_WORK INSTRUCTION:_
Output the full listing below exactly, without the pictures.

_SUPPLIED INFORMATION:_
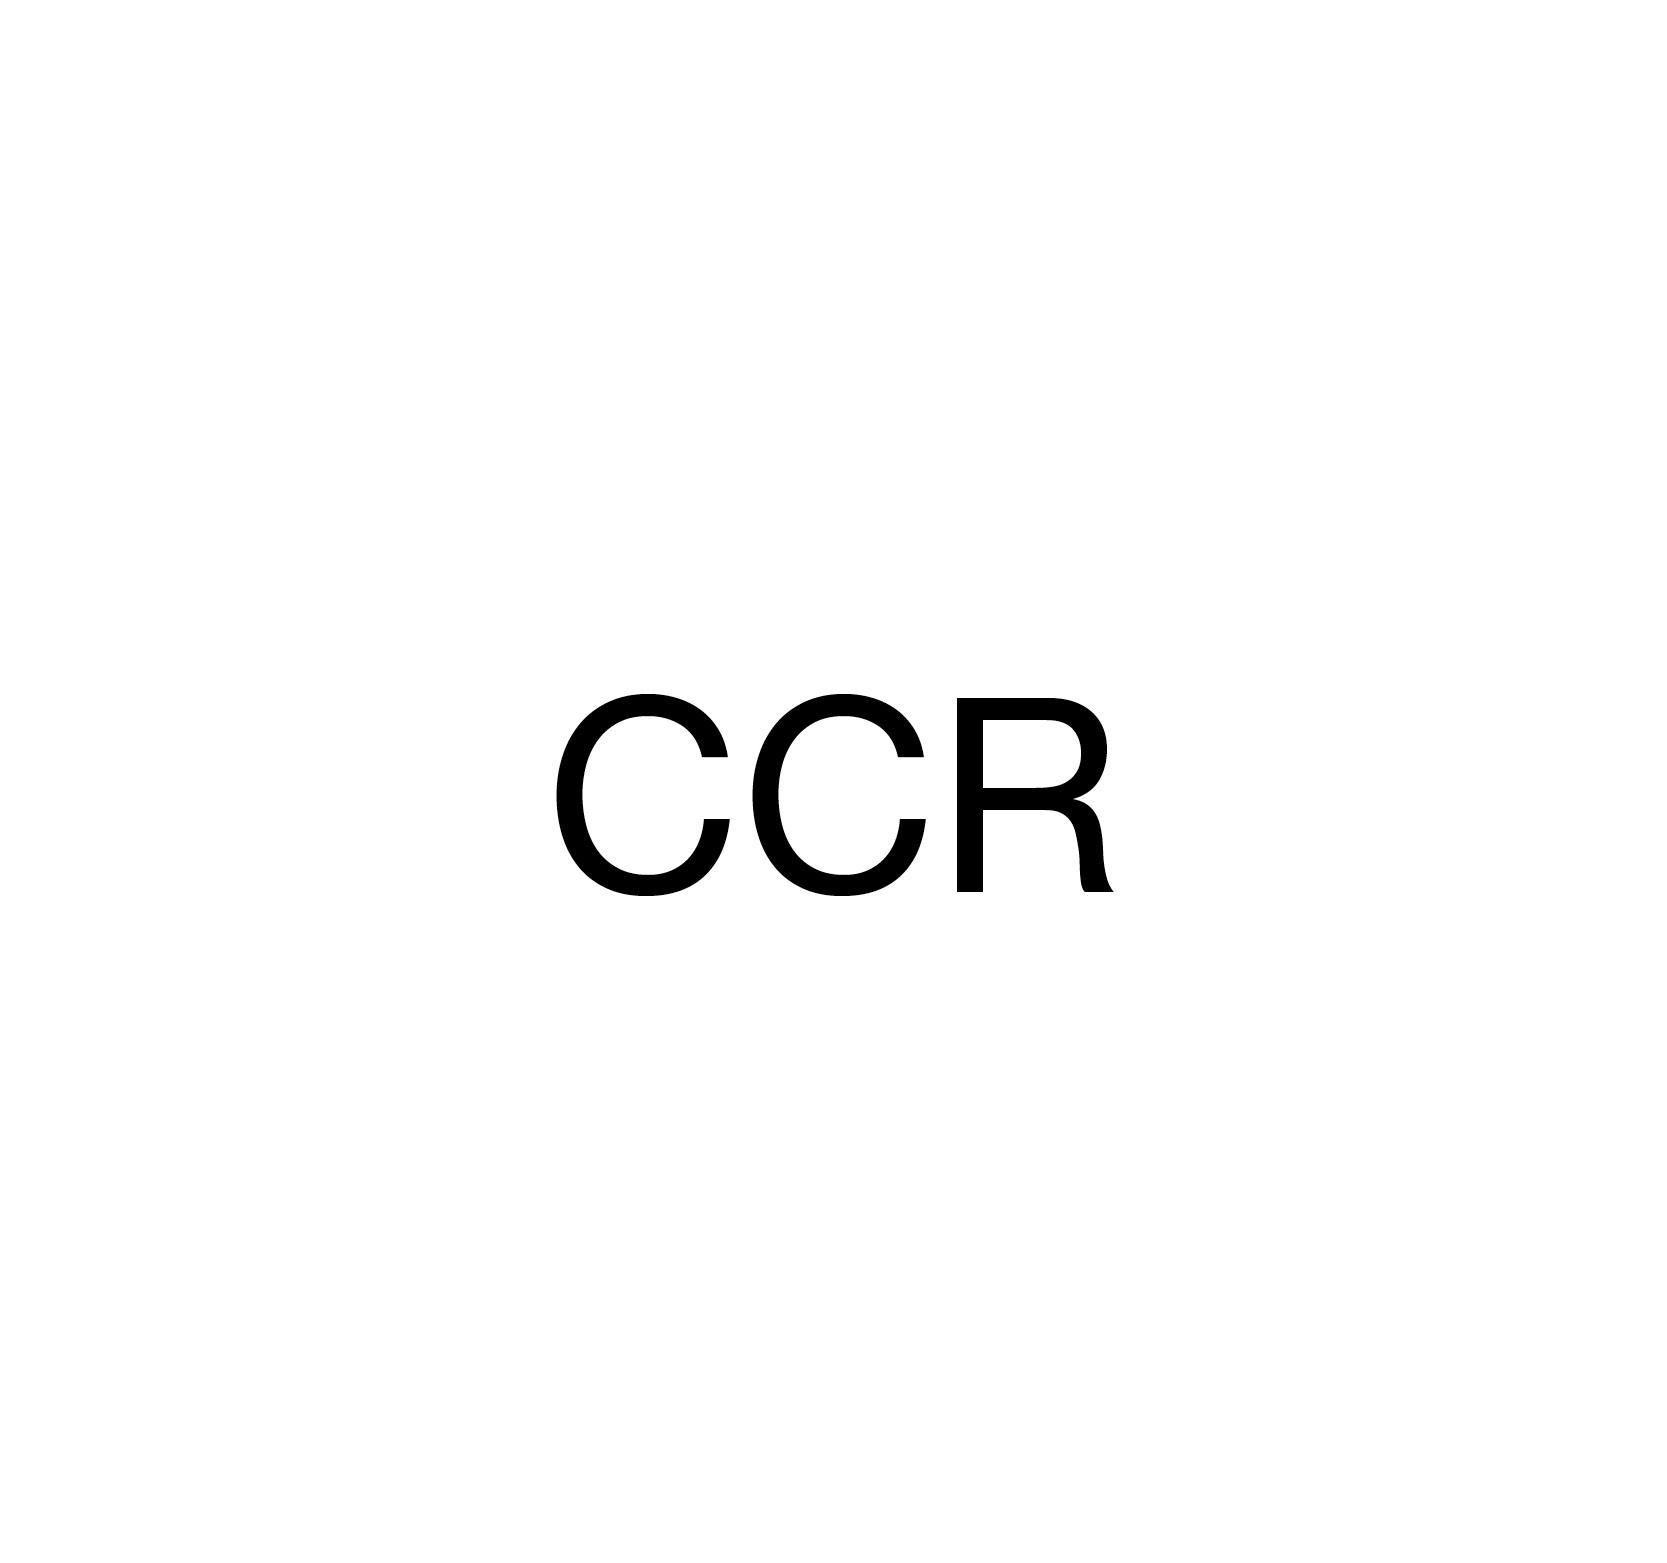 CCR.jpg
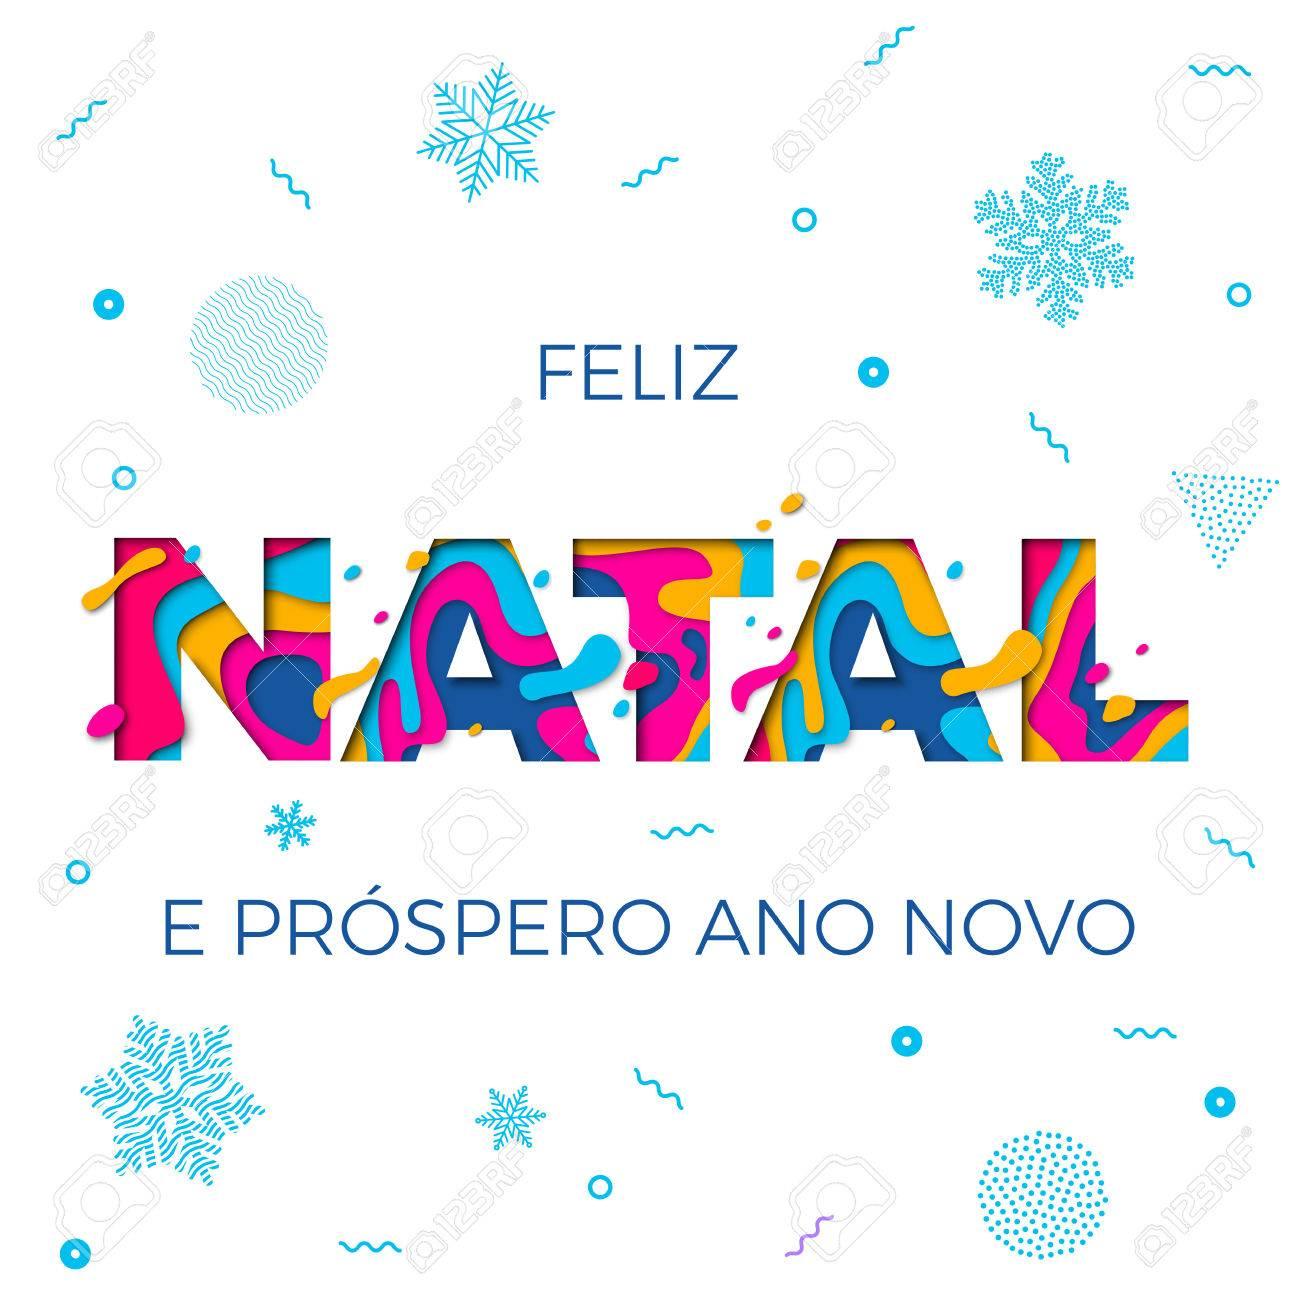 Feliz Natal Merry Christmas Portuguese Greeting Card, Ano Novo ...
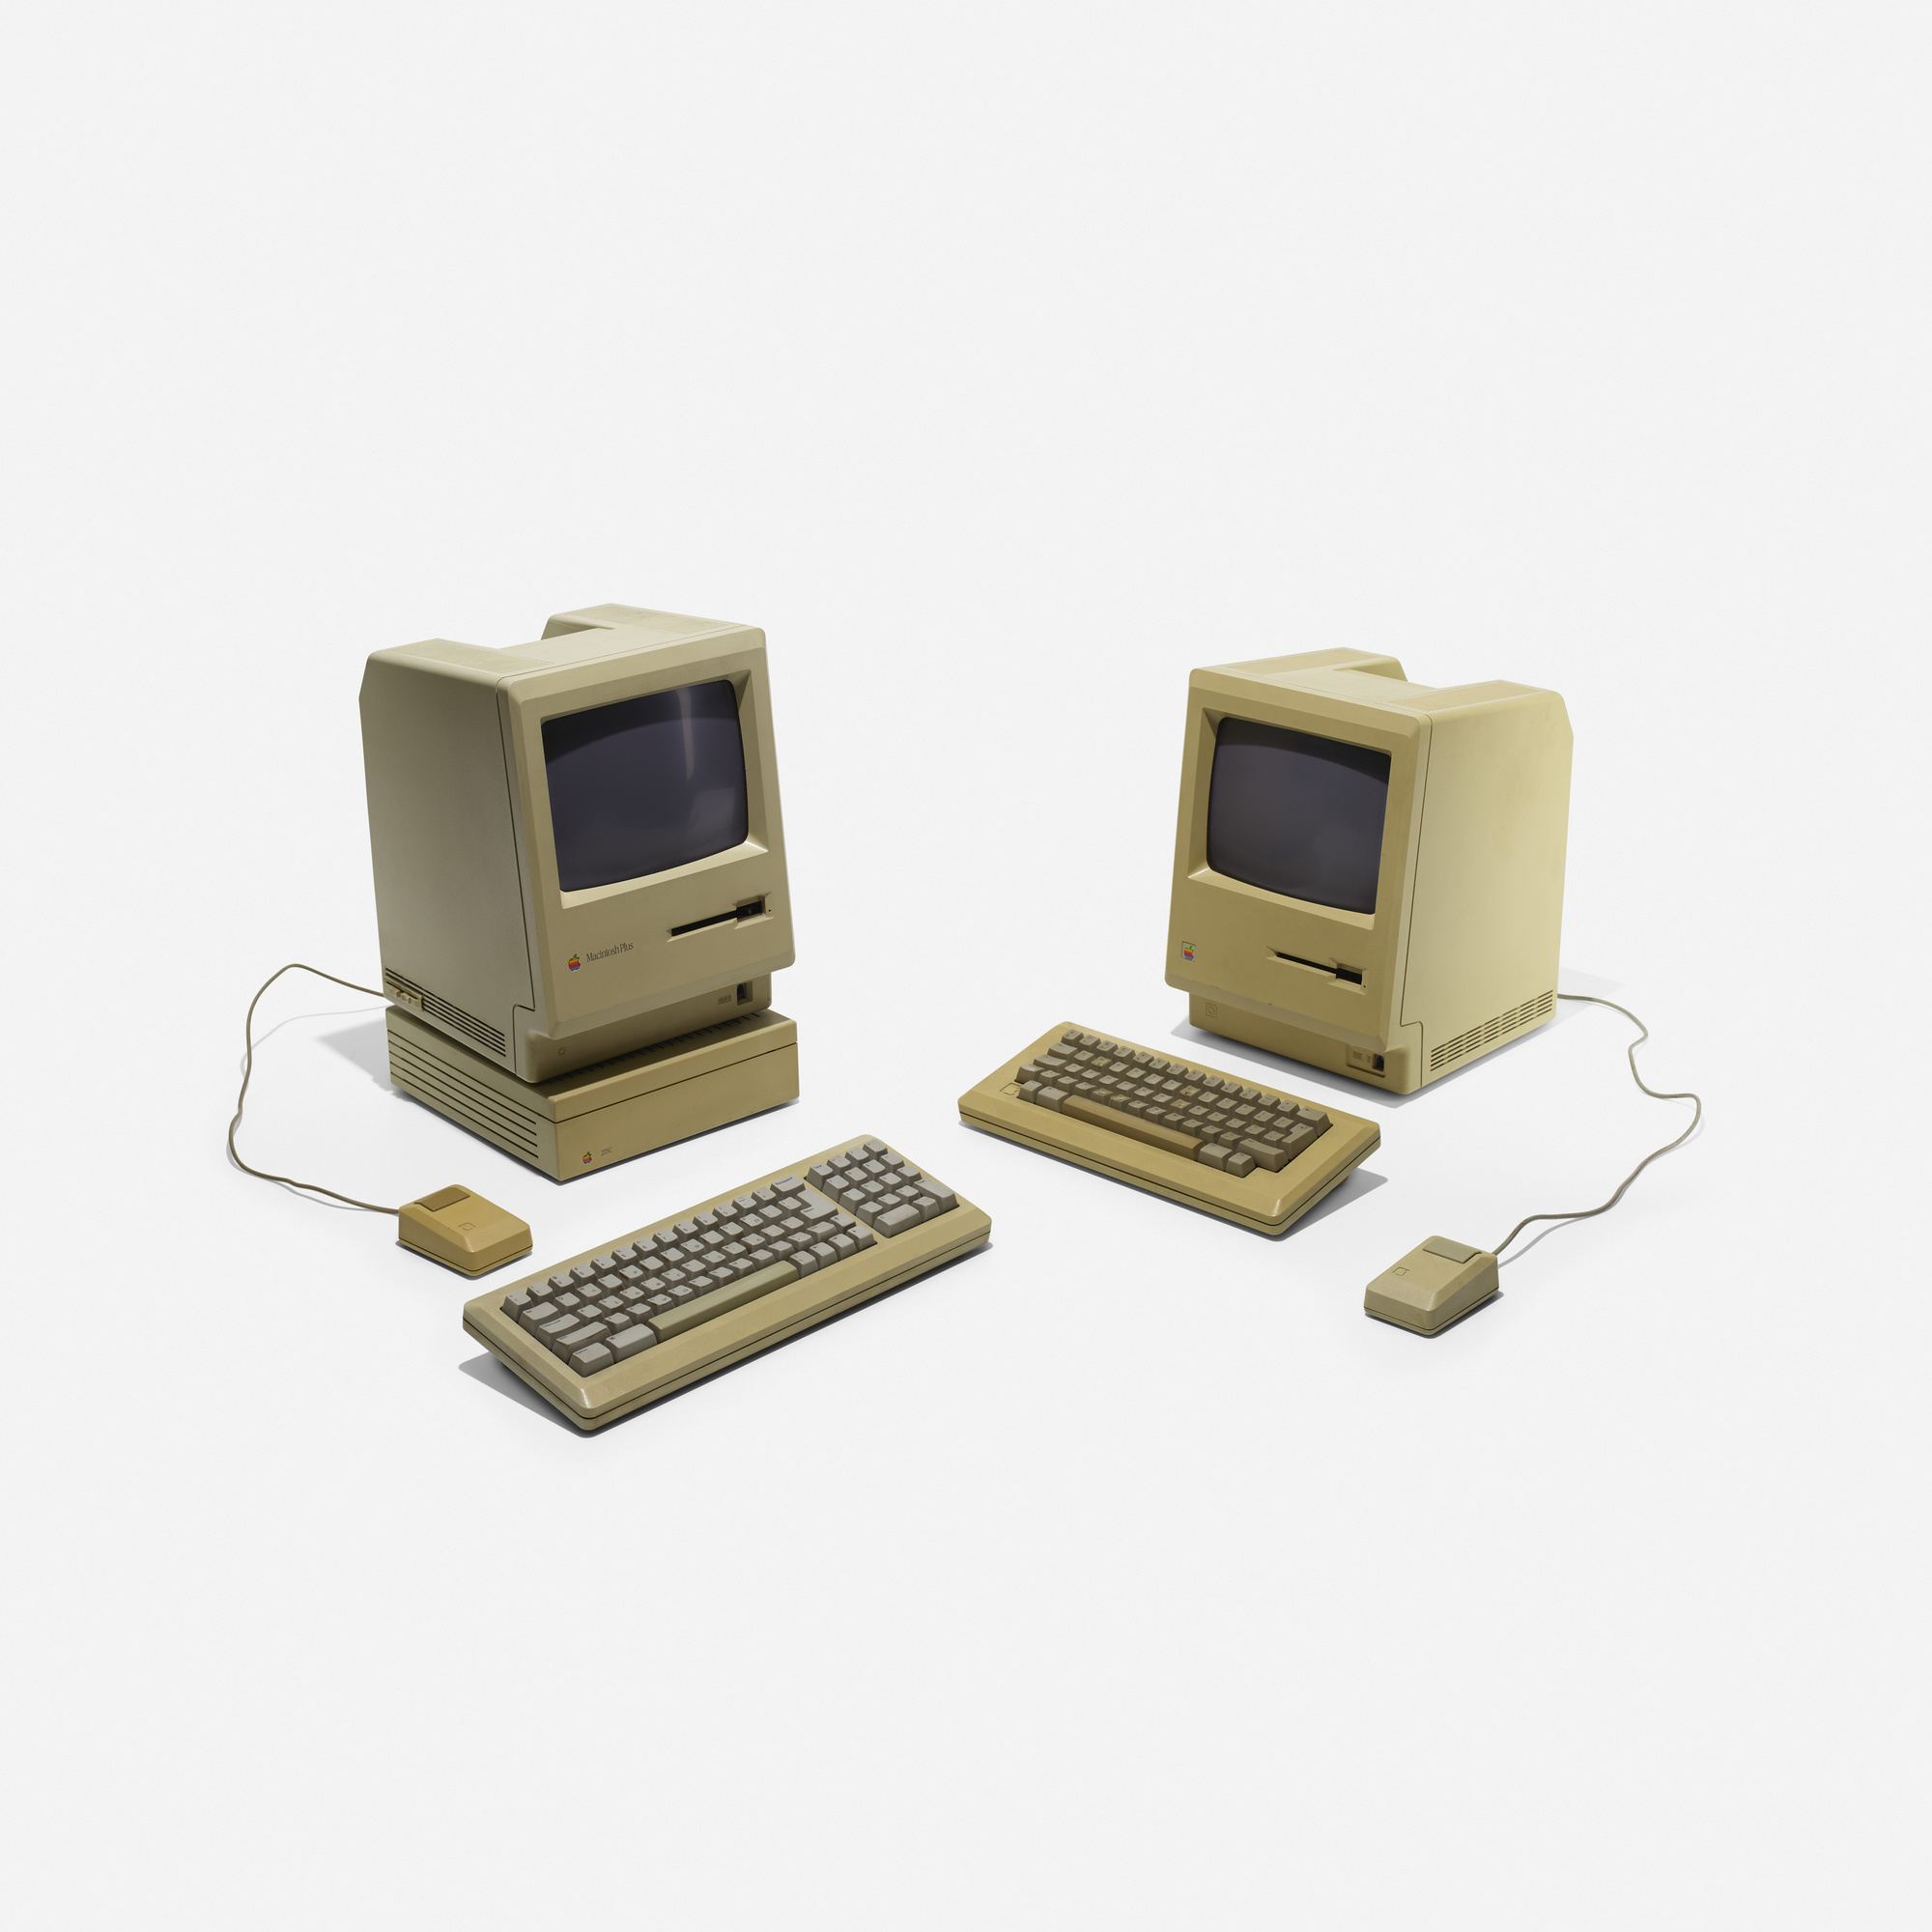 131: Frog Design / Apple Macintosh 512K Personal Computers, pair (1 of 2)
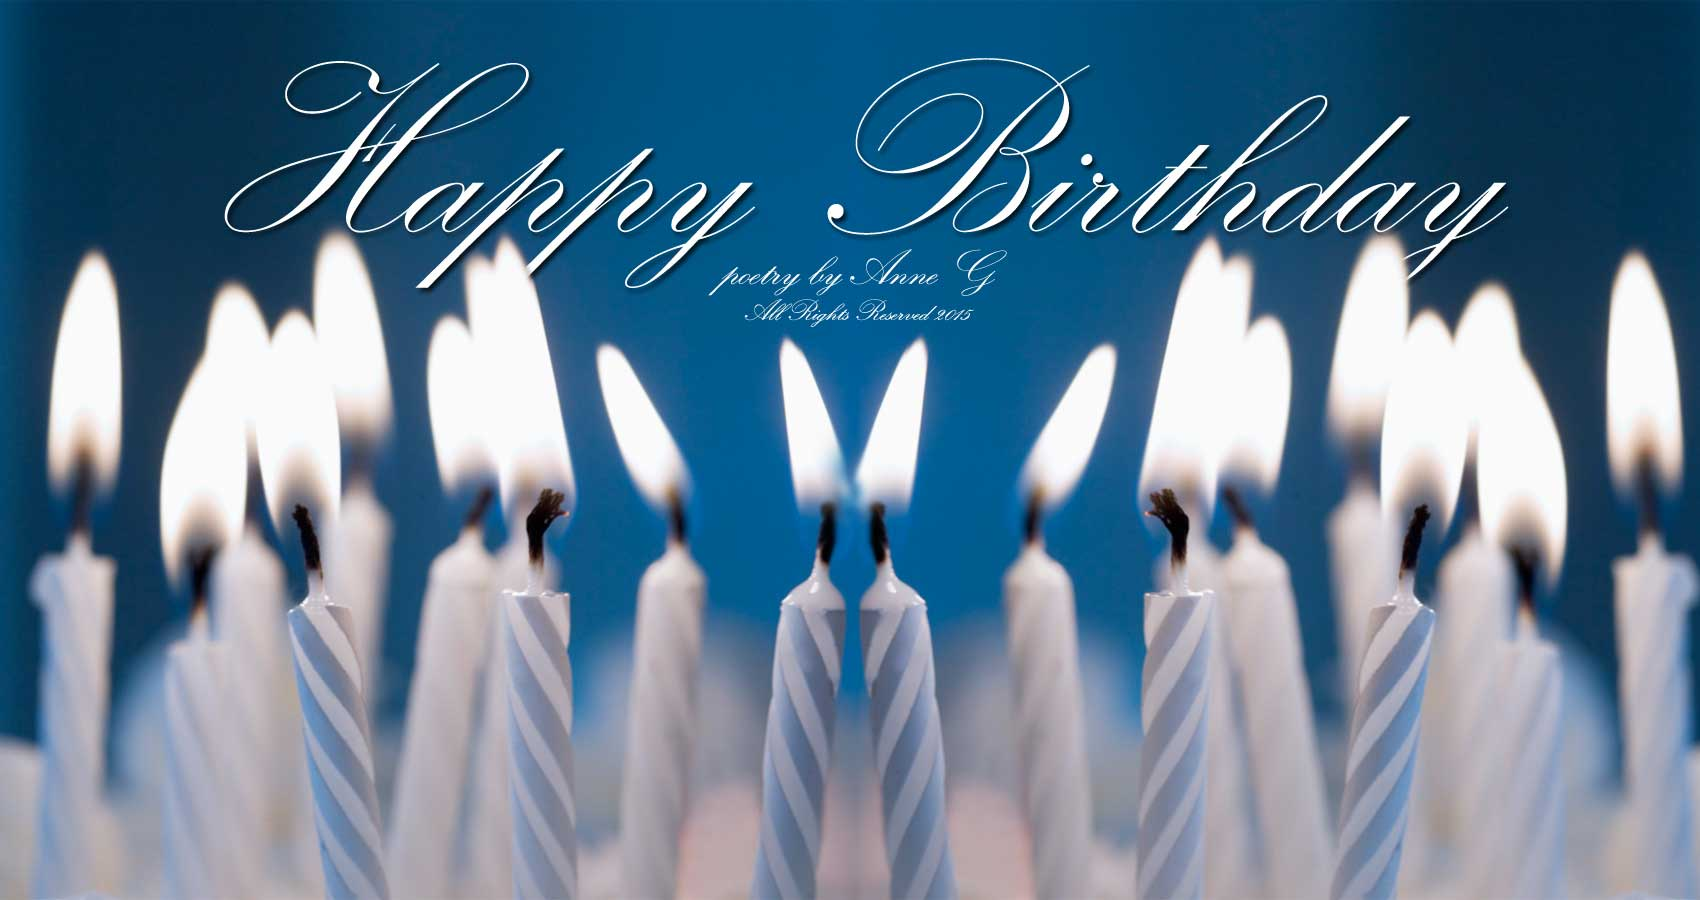 spillwords.com Happy Birthday by Anne G

_WORKED SOLUTION:_
 CCR.jpg
 Feliz Natal Merry Christmas Portuguese Greeting Card, Ano Novo ...
 131: Frog Design / Apple Macintosh 512K Personal Computers, pair (1 of 2)
 spillwords.com Happy Birthday by Anne G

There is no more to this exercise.